DVDInfo

Often the menus on DVDs are slow, and are getting in your way more often than not. If you are the fortunate owner of a DVD player that can display MPEG4, you can quickly select a movie, put multiple movies on a single disc, and also position subtitles completely underneath the movie.

For ripping, we reccommend using Mencoder. It is a fast, high-quality DVD ripper that works on many platforms. The only downside is that you have to know the right audio and subtitle IDs and the correct title number. This is where DVDInfo comes into play.

DVDInfo will find the longest track, and display audio and subtitle track information. This information can then be used to set the correct Mencoder options.

Usage

First, make sure you have Mencoder, and Python 2.4. Then, run dvdinfo:

user@host$ dvdinfo.py ================================================== dvdinfo.py version 1.1 Sybren Stüvel <sybren@stuvel.eu> http://stuvel.eu/dvdinfo ================================================== Using default device: /dev/dvd Done reading. Longest title: 1 Chapters: 19 Audio tracks: aid=128 lang=en fmt=ac3 (5.1) aid=137 lang=en fmt=dts (5.1) aid=130 lang=pt fmt=ac3 (5.1) Subtitles: sid= 0 lang=en sid= 1 lang=en sid= 2 lang=pt sid= 3 lang=nl sid= 4 lang=en sid= 5 lang=pt

Using mencoder

As an added bonus, here is a method to use mencoder with the to convert a DVD movie to an MPEG4 file, using the information you found by running dvdinfo.py.

mencoder dvd://title \ -aid aid \ -sid sid \ -o output.avi \ -ovc lavc \ -oac copy \ -lavcopts \ vcodec=mpeg4:mbd=1:vqmax=10:lmax=10:keyint=130:pass \ -vf scale=720:405,expand=720:576:0:25:1 \ -ffourcc divx \ -spuaa 4 \ -channels 6

Replace title, aid and sid with the values you found by running dvdinfo.py. They represent the title number, the audio track number, and the subtitle track number.
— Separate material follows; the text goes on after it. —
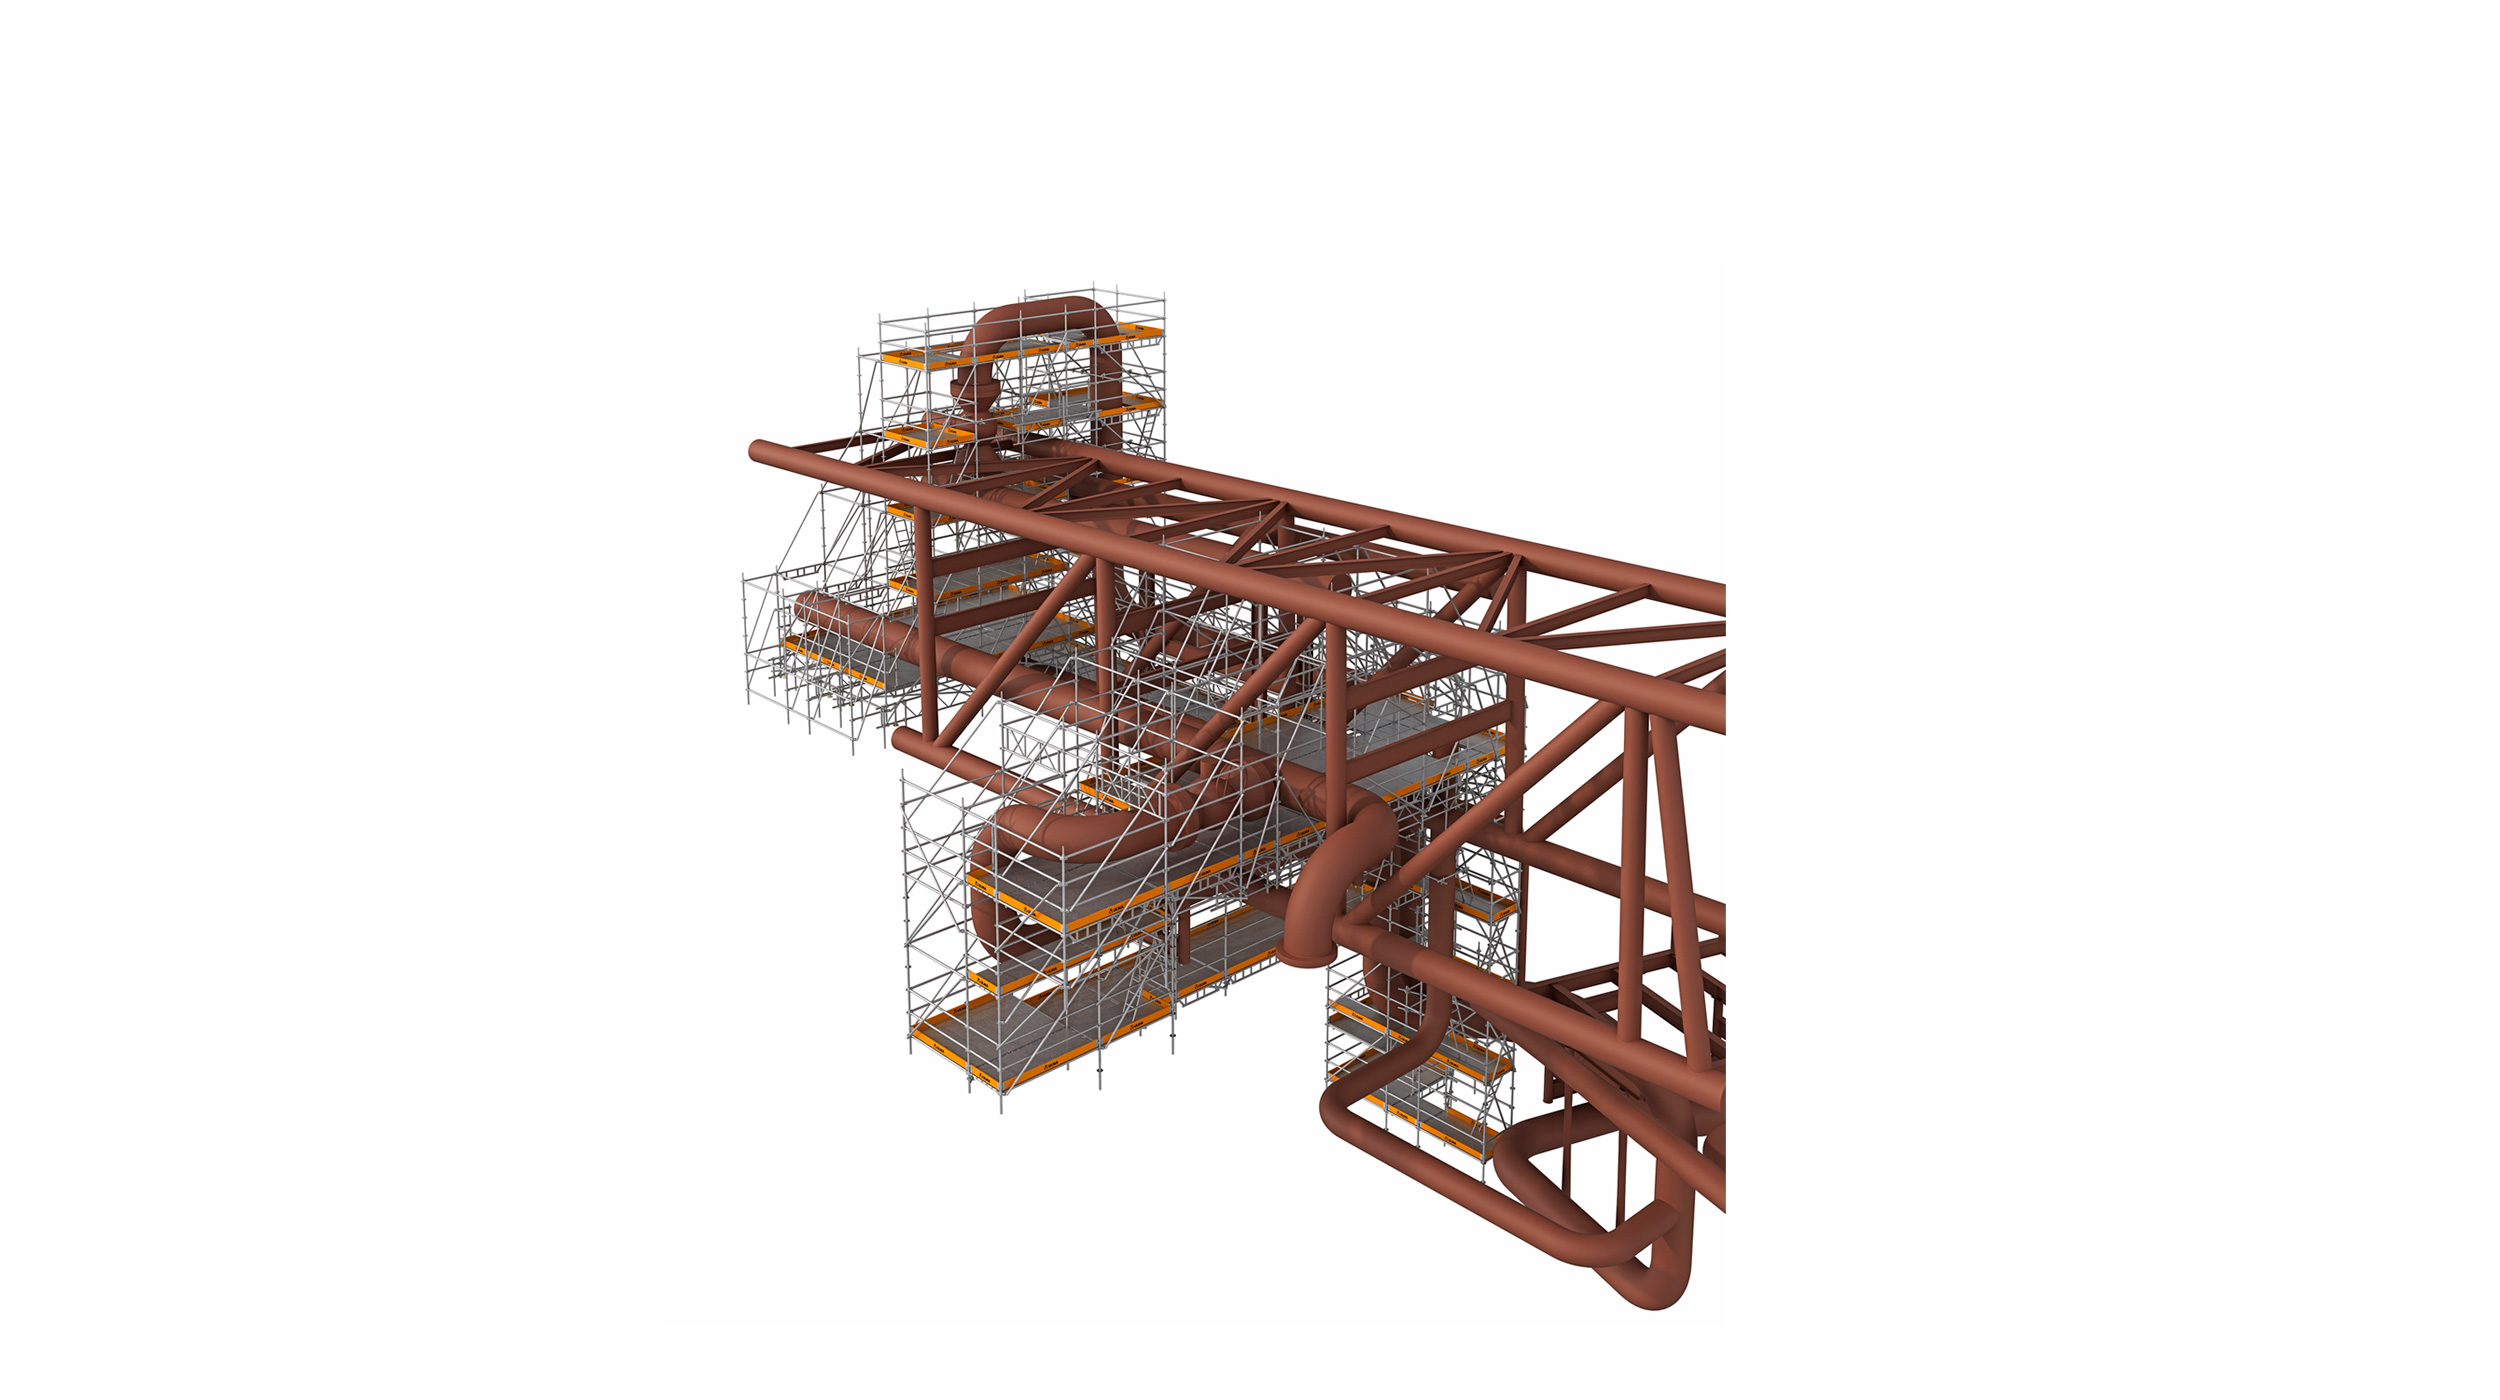 Système d'échafaudage provisoire extrêmement stable et flexible, centré sur les tâches de construction et d'entretien pour les installations industrielles et de production d'énergie.
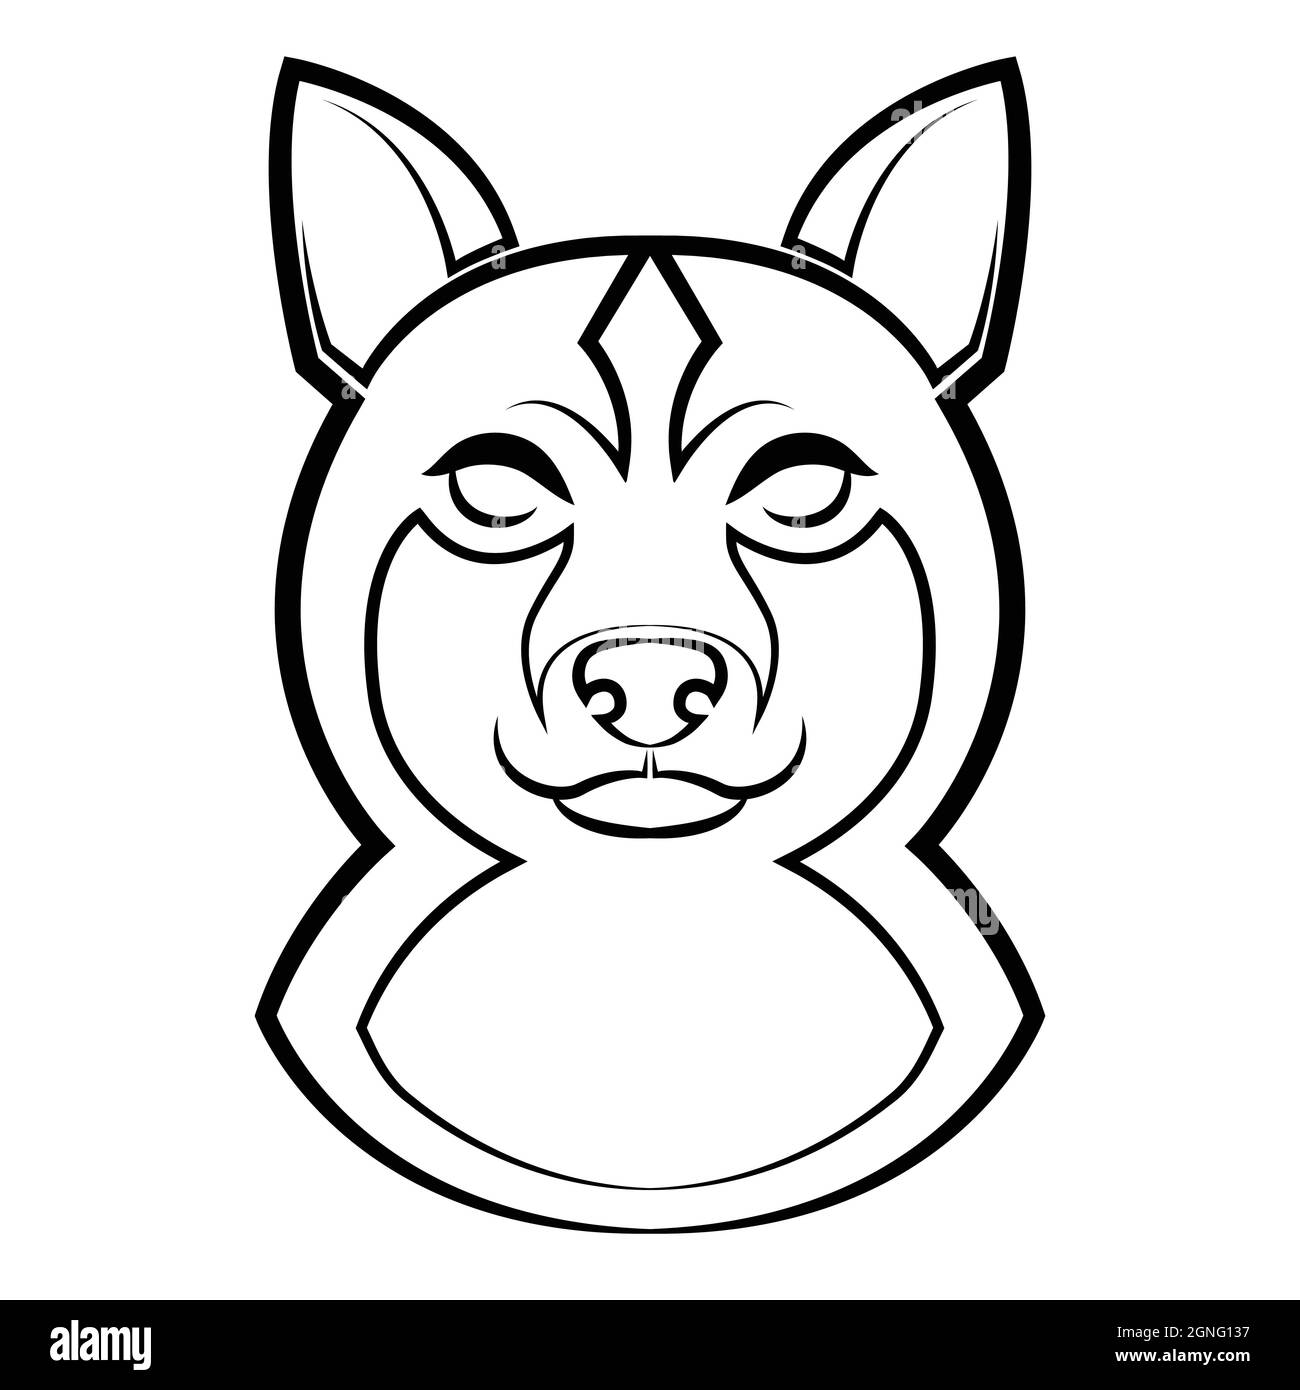 Art de la ligne noire et blanche de la tête de chien shiba. Bon usage pour symbole, mascotte, icône, avatar, tatouage, T-shirt design, logo ou tout autre design. Illustration de Vecteur

You will have to run the above command twice, with different values for pass. This will enable two-pass encoding, which results in a higher quality and smaller file.

PassValue for pass
Firstvpass=1:turbo
Secondvpass=2

This will result in a movie of around 1 gigabyte, fitting four movies on a single-layer DVD-R or eight - maybe nine - movies on a dual-layer DVD-R.

Disclaimer

Stüvel IT does not want to promote illegal copying movies. DVDs are getting cheaper and cheaper, and if we all only buy DVDs from the discount selection, we'll drive the prices down even further - legally.

This guide is intended to use the advantages of MPEG4 in an easy way, by compressing your legally obtained DVDs. Of course, movies in MPEG4 also don't have those annoyingly unskippable clips or hideously slow DVD menus.